If you encounter errors about missing API keys, ensure:
1. You've set the correct environment variable for your chosen provider
2. The API key is valid and has appropriate permissions
3. You've correctly sourced your `.env` file or exported the variables manually

### 📱 Device Connection Issues

If you have trouble connecting to your device:
1. Ensure USB debugging is enabled on your Android device
2. Check that your device is recognized by ADB: `adb devices`
3. For wireless connections, make sure your device and computer are on the same network

### 🤖 LLM Provider Selection

If DroidRun is using the wrong LLM provider:
1. Explicitly specify the provider with `--provider` (in CLI) or `llm_provider=` (in code)
2. When using Gemini, ensure you have set `GEMINI_API_KEY` and specified `--provider gemini`

### 📊 Tracing Issues

If you're using the tracing feature:
1. Make sure to install Arize Phoenix: `pip install "arize-phoenix[llama-index]"`
2. Start the Phoenix server before running your command: `phoenix serve`
3. Access the tracing UI at http://localhost:6006 after execution

### 🎬 Demo Videos

1. **Shopping Assistant**: Watch how DroidRun searches Amazon for headphones and sends the top 3 products to a colleague on WhatsApp.
   
   Prompt: "Go to Amazon, search for headphones and write the top 3 products to my colleague on WhatsApp."
   
   [![Shopping Assistant Demo](https://img.youtube.com/vi/VQK3JcifgwU/0.jpg)](https://www.youtube.com/watch?v=VQK3JcifgwU)

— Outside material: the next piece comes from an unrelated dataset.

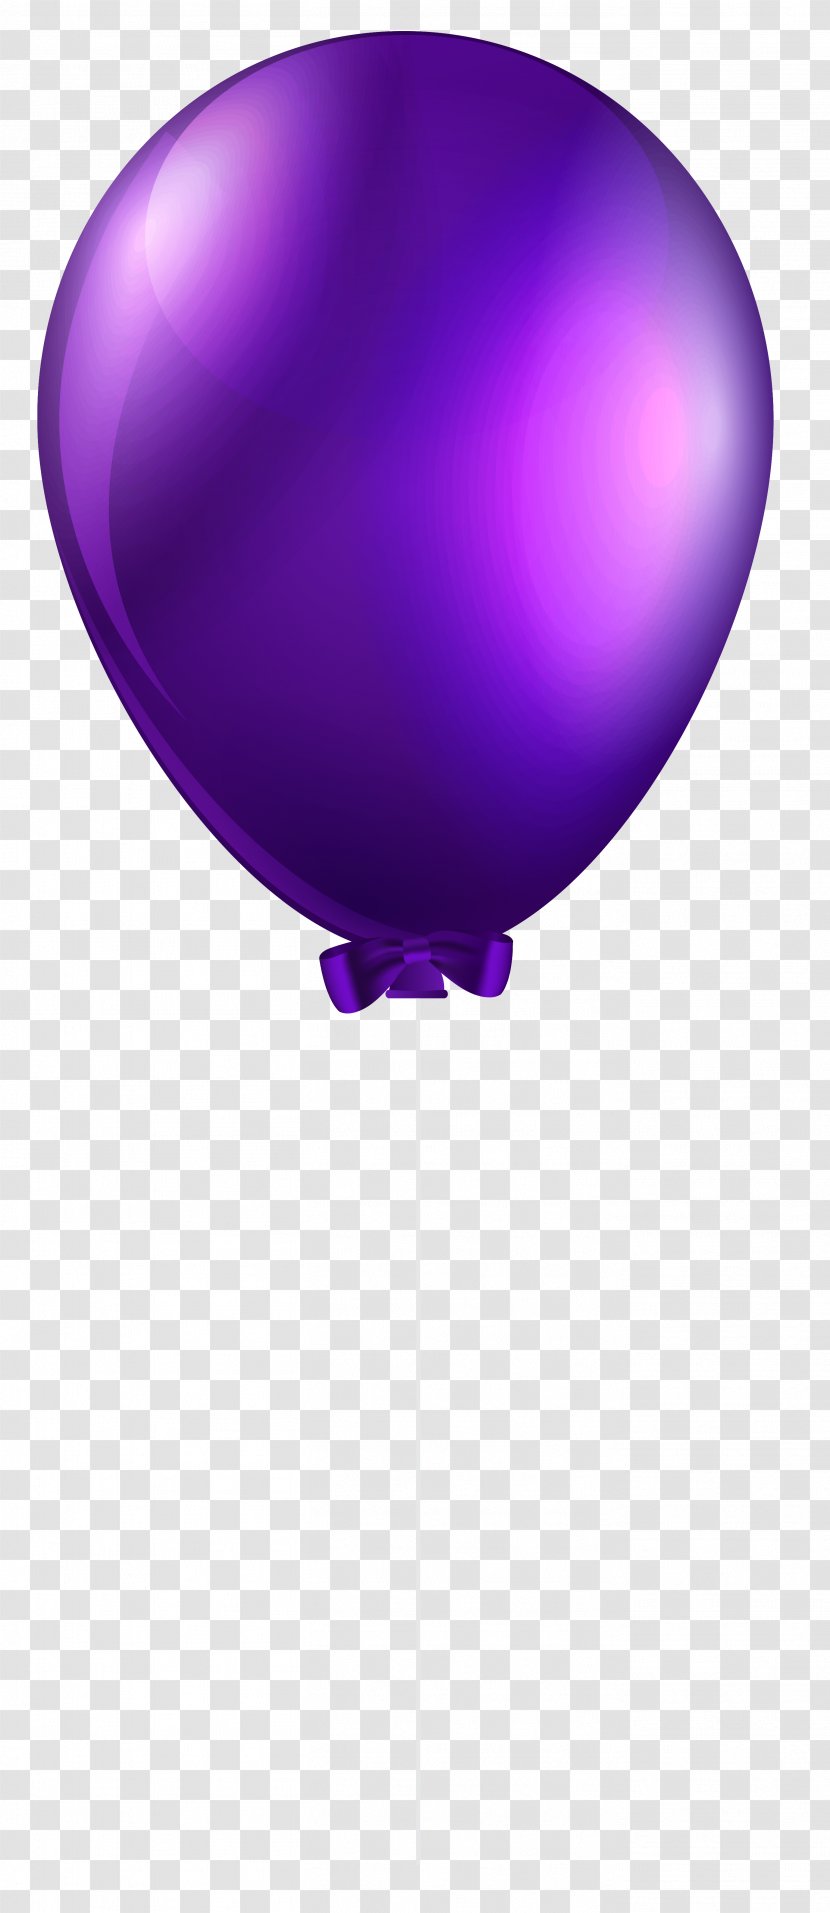 Balloon Purple Clip Art - Product Design - Transparent Image Transparent PNG

2. **Social Media Automation**: See DroidRun open X (Twitter) and post "Hello World".
   
   Prompt: "Open up X and post Hello World."
   
   [![Social Media Automation Demo](https://img.youtube.com/vi/i4-sDQhzt_M/0.jpg)](https://www.youtube.com/watch?v=i4-sDQhzt_M)

## 💡 Example Use Cases

- Automated UI testing of Android applications
- Creating guided workflows for non-technical users
- Automating repetitive tasks on Android devices
- Remote assistance for less technical users
- Exploring Android UI with natural language commands

## 🗺️ Roadmap

### 🤖 Agent:
- **Improve memory**: Enhance context retention for complex multi-step tasks
- **Expand planning capabilities**: Add support for more complex reasoning strategies
- **Add Integrations**: Support more LLM providers and agent frameworks (LangChain, Agno etc.)

### ⚙️ Automations:
- **Create Automation Scripts**: Generate reusable scripts from agent actions that can be scheduled or shared

### ☁️ Cloud:
- **Hosted version**: Remote device control via web interface without local setup
- **Add-Ons**: Marketplace for extensions serving specific use cases
- **Proxy Hours**: Cloud compute time with tiered pricing for running automations
- **Droidrun AppStore**: Simple installation of Apps on your hosted devices

## 👥 Contributing

Contributions are welcome! Please feel free to submit a Pull Request.

## 📄 License

This project is licensed under the MIT License - see the LICENSE file for details.